Не ведал он и о полученном следственной комиссией письме председателя ВЧК Дзержинского, где говорилось;

«О Муравьеве комиссия наша неоднократно получала сведения как о вредном для Советской власти командующем. Обвинения сводились к тому, что худший враг наш не мог бы нам столько вреда принести, сколько он принес своими кошмарными расправами, расстрелами, самодурством, предоставлением солдатам права грабежа городов и сел. Все это он проделывал от имени нашей Советской власти, восстанавливая против нас все население. Грабежи и насилия — это была его сознательная военная тактика, которая, давая нам мимолетный успех, несла в результате поражение и позор…»

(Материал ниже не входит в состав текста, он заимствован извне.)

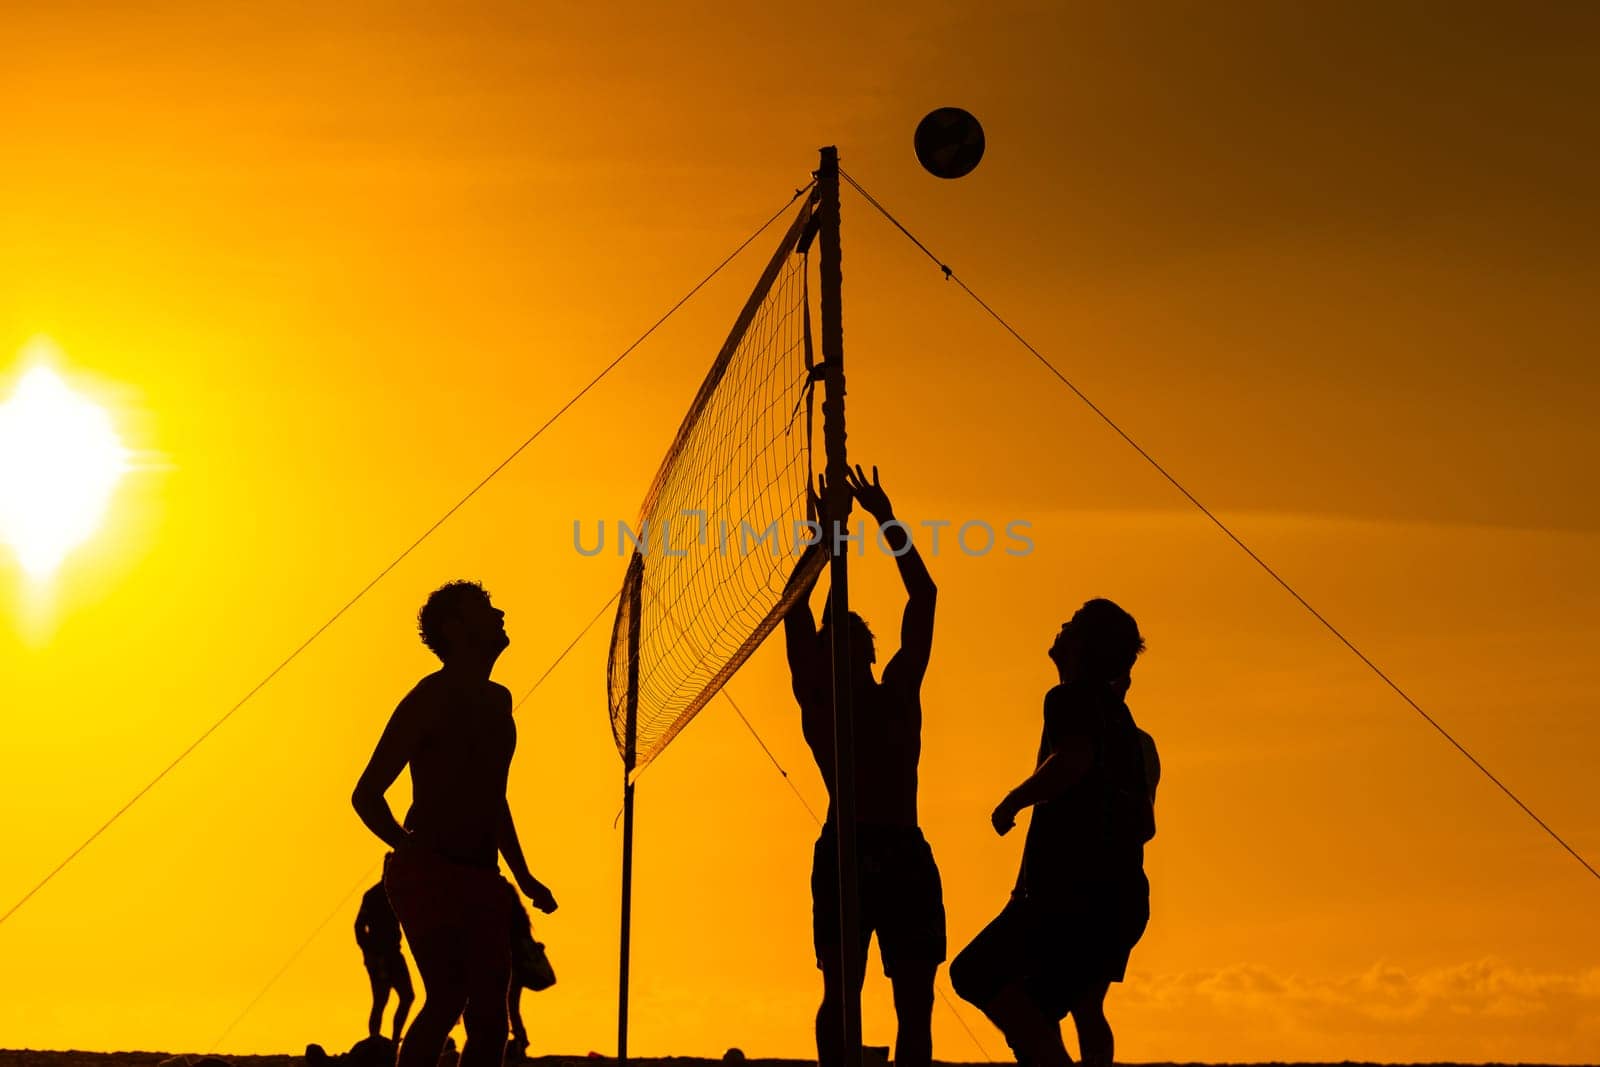 People Playing Volleyball at Sunset by Studia72

Михаил Артемьевич не читал этого письма, но все содержащиеся в нем обвинения от следователя слышал.

Что было делать? Что мог он предпринять в создавшемся положении, на что надеяться? Одна была надежда, последняя. На своих товарищей по партии, на левых эсеров. Неужели они отдадут без боя такую фигуру, как Муравьев?

И надежда оправдалась. Узнав о случившемся, начали хлопотать. За дело живо и энергично принялся левый эсер Александрович, используя свое положение заместителя председателя ВЧК. Упор делался на боевые заслуги Муравьева, на неосознанность допущенных им ошибок и тому подобное. Был еще порох в пороховницах у левых эсеров! Сообща вызволили Михаила Артемьевича.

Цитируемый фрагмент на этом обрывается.